Seit 125 Jahren genau
Am 27. und 28. März 2012 feierte die Physikalisch-Technische Bundesanstalt ihr 125-jähriges Jubiläum mit einem Symposium und einem Festakt in der Braunschweiger Stadthalle.
Zeit ist etwas, das wir am vergangenen Wochenende mal wieder am eigenen Leib erfahren haben – bei der Umstellung auf die Sommerzeit, die uns eine Stunde vom wohlverdienten Wochenende gestohlen hat. Wer sich täglich – und das seit nunmehr 125 Jahren – mit Zeit und ihrer genauen Messung beschäftigt, ist die Physikalisch-Technische Bundesanstalt (PTB). Als am 28. März 1887 der erste Etat der Physikalisch-Technischen Reichsanstalt (PTR), der Vorgängerin der PTB, bewilligt wurde, war dies die Geburtsstunde der ersten staatlichen, außeruniversitären Großforschungseinrichtung und der Beginn einer messtechnischen Erfolgsgeschichte, die noch längst nicht zu Ende erzählt ist.
Der Begriff der Genauigkeit hat die PTB von Beginn an begleitet und ist bis heute ihr herausragendes Markenzeichen. Wer an die heutige PTB denkt, dem fällt vermutlich als erstes die „Zeit“ ein, die sich so genau messen lässt wie nichts anderes in der Welt. Genauigkeit ist heutzutage auf allen Ebenen gefragt, um die Entwicklungen in die gewünschten Richtungen zu treiben: ob im industriellen Fertigungsprozess oder für die diagnostischen Methoden der Medizin, ob in der chemischen Analytik oder in der wissenschaftlichen Grundlagenforschung. Die Metrologie, die Wissenschaft des genauen Messens, ist auf all diesen Ebenen und Disziplinen und weit darüber hinaus gefragt.

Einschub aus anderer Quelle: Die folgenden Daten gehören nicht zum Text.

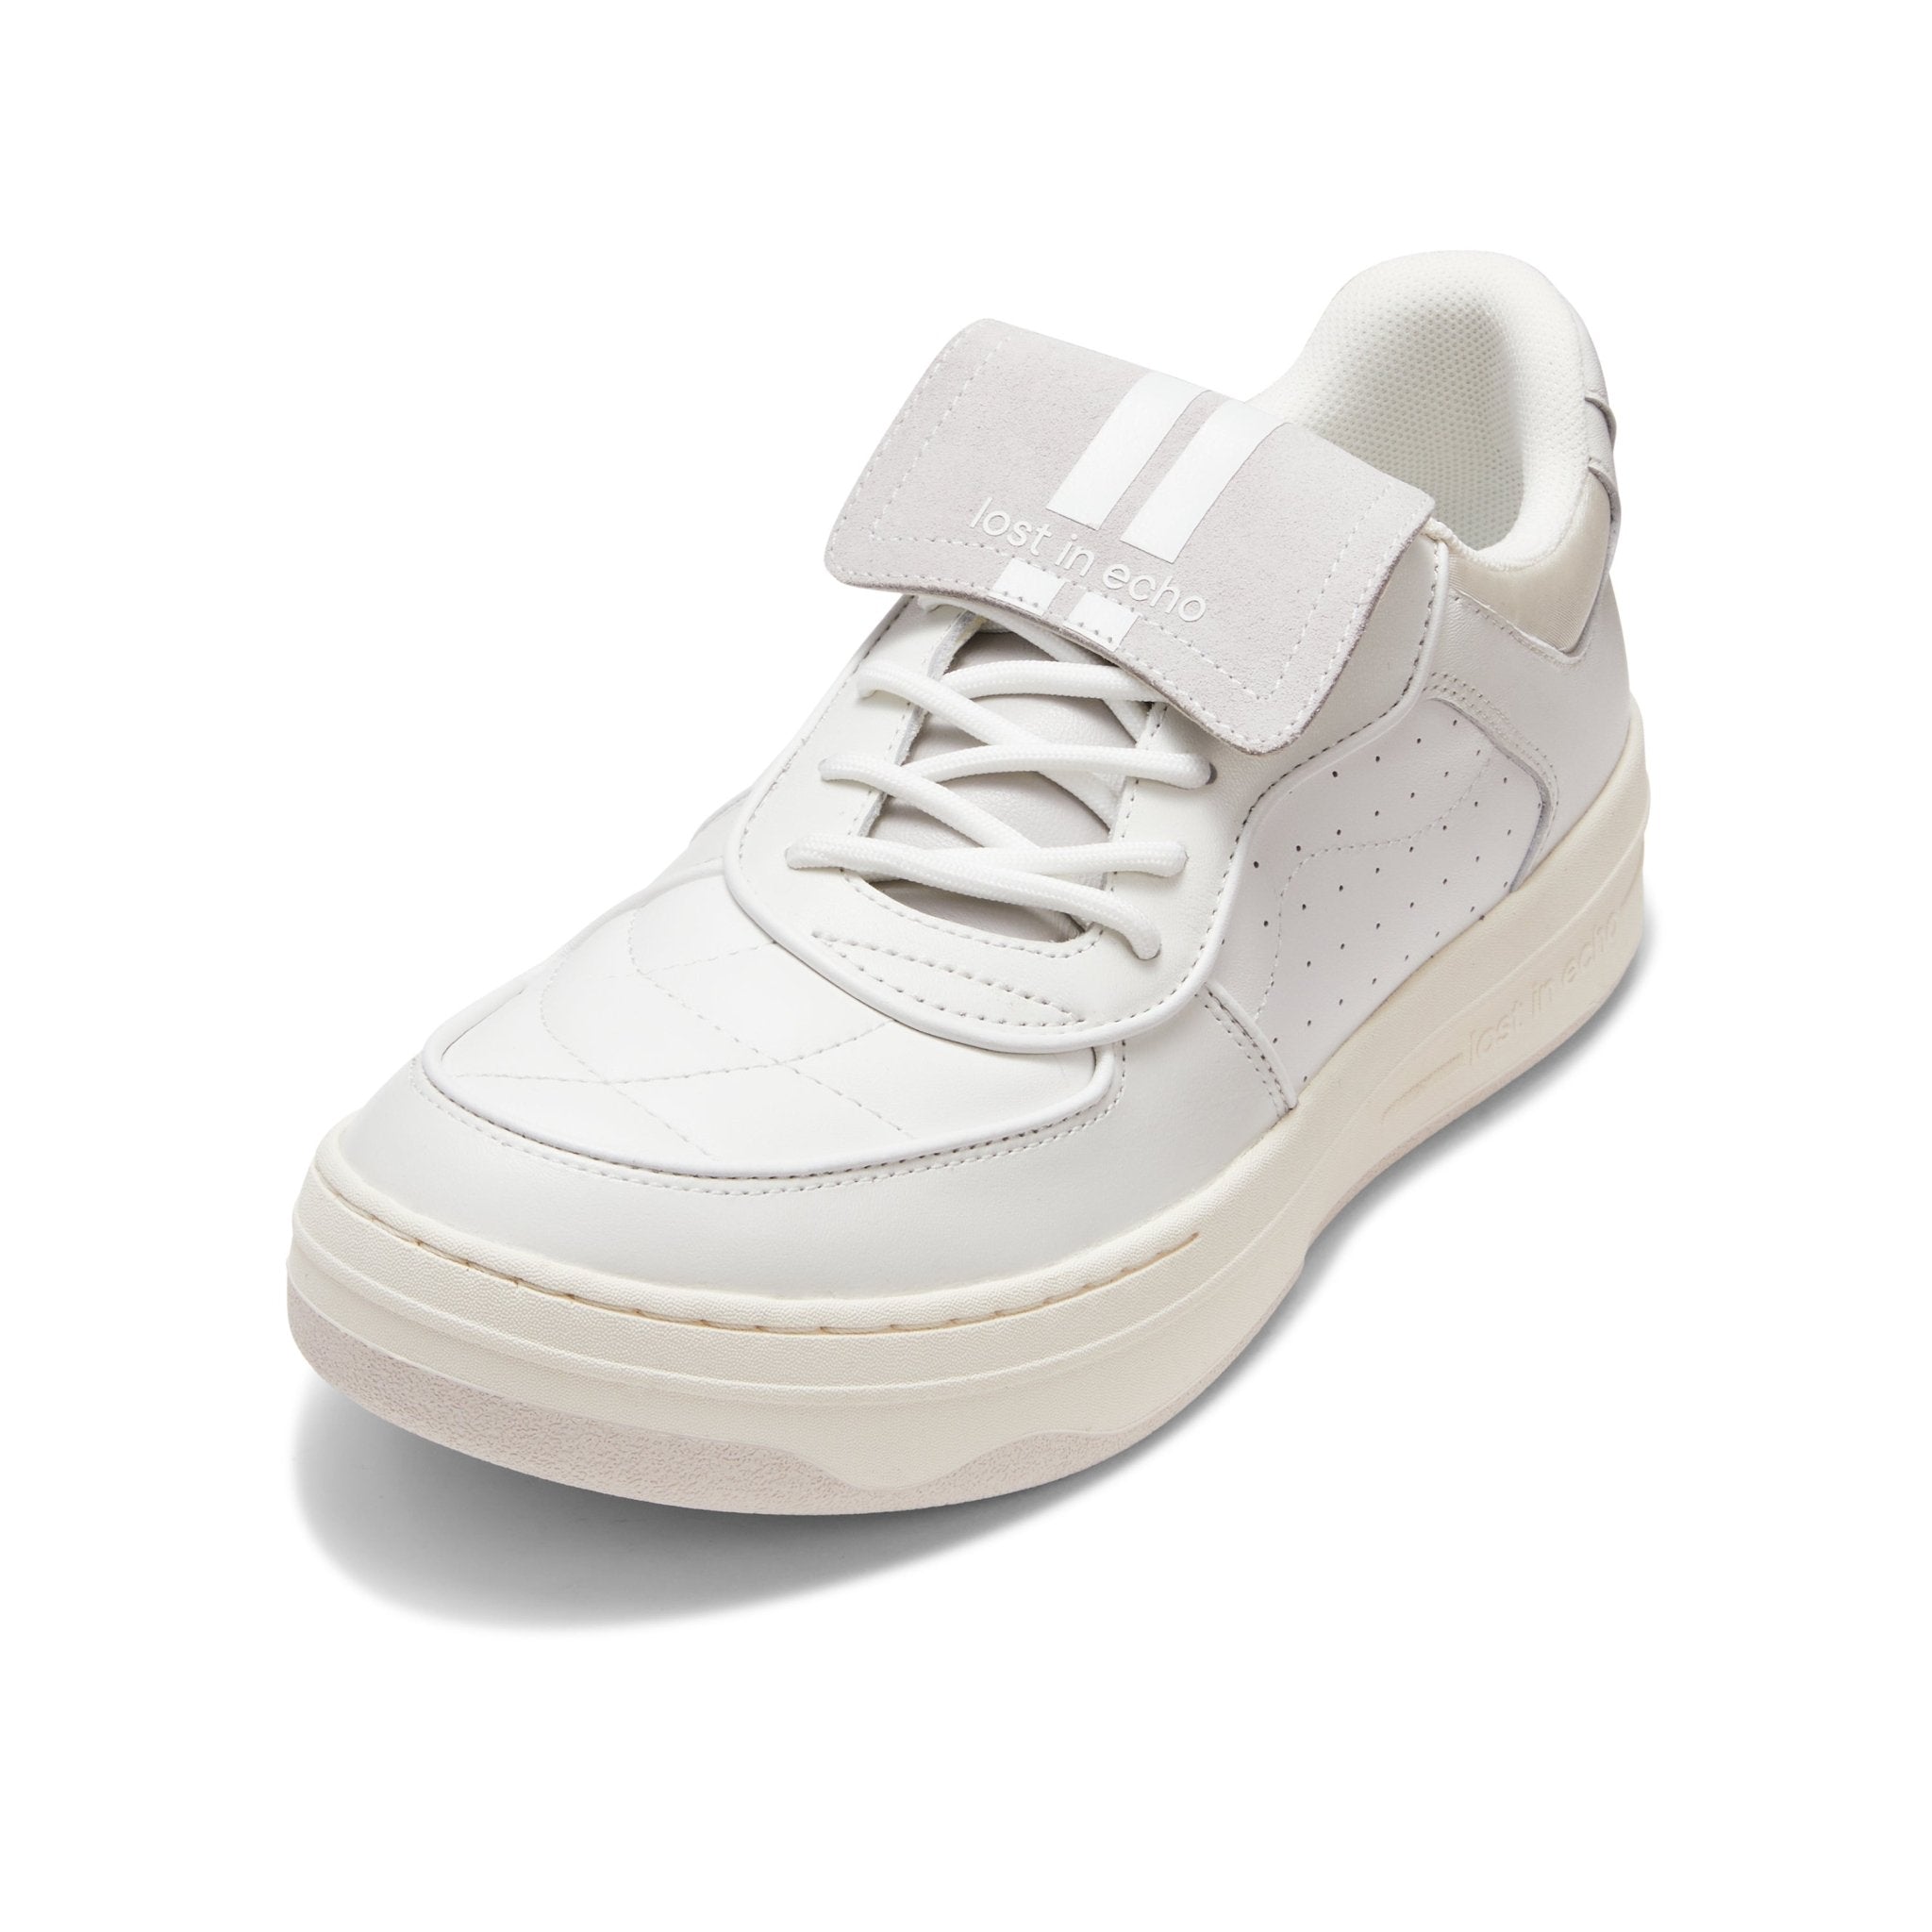 LOST IN ECHO White Thick Sole Skateboard Shoes | MADA IN CHINA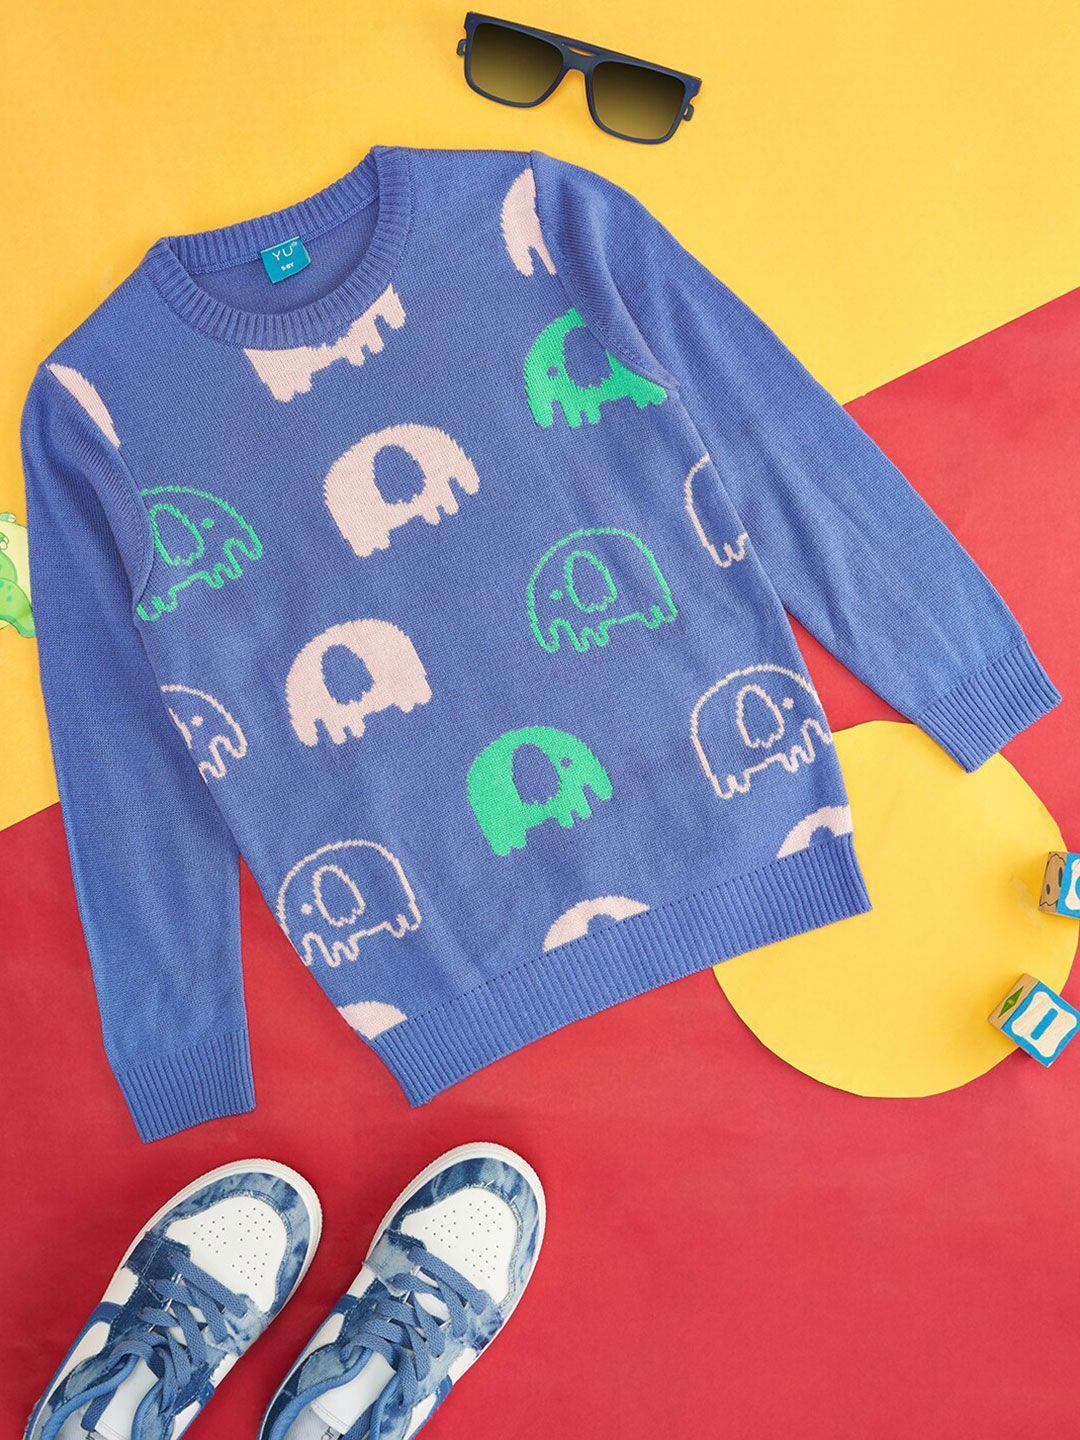 yu-by-pantaloons-boys-graphic-printed-acrylic-pullover-sweaters

Aus Anlass des 125. Jubiläums fand am 27. März 2012 in Braunschweig ein wissenschaftliches Symposium zum Thema „Metrology, the Universe and Everything“ statt, zu dem Wissenschaftler aus der ganzen Welt angereist waren. Das Symposium spannte einen Bogen von der wachsenden Bedeutung der Naturkonstanten für die Definition der physikalischen Basiseinheiten bis hin zu konkreten Anwendungen der Metrologie in unserer Alltagswelt.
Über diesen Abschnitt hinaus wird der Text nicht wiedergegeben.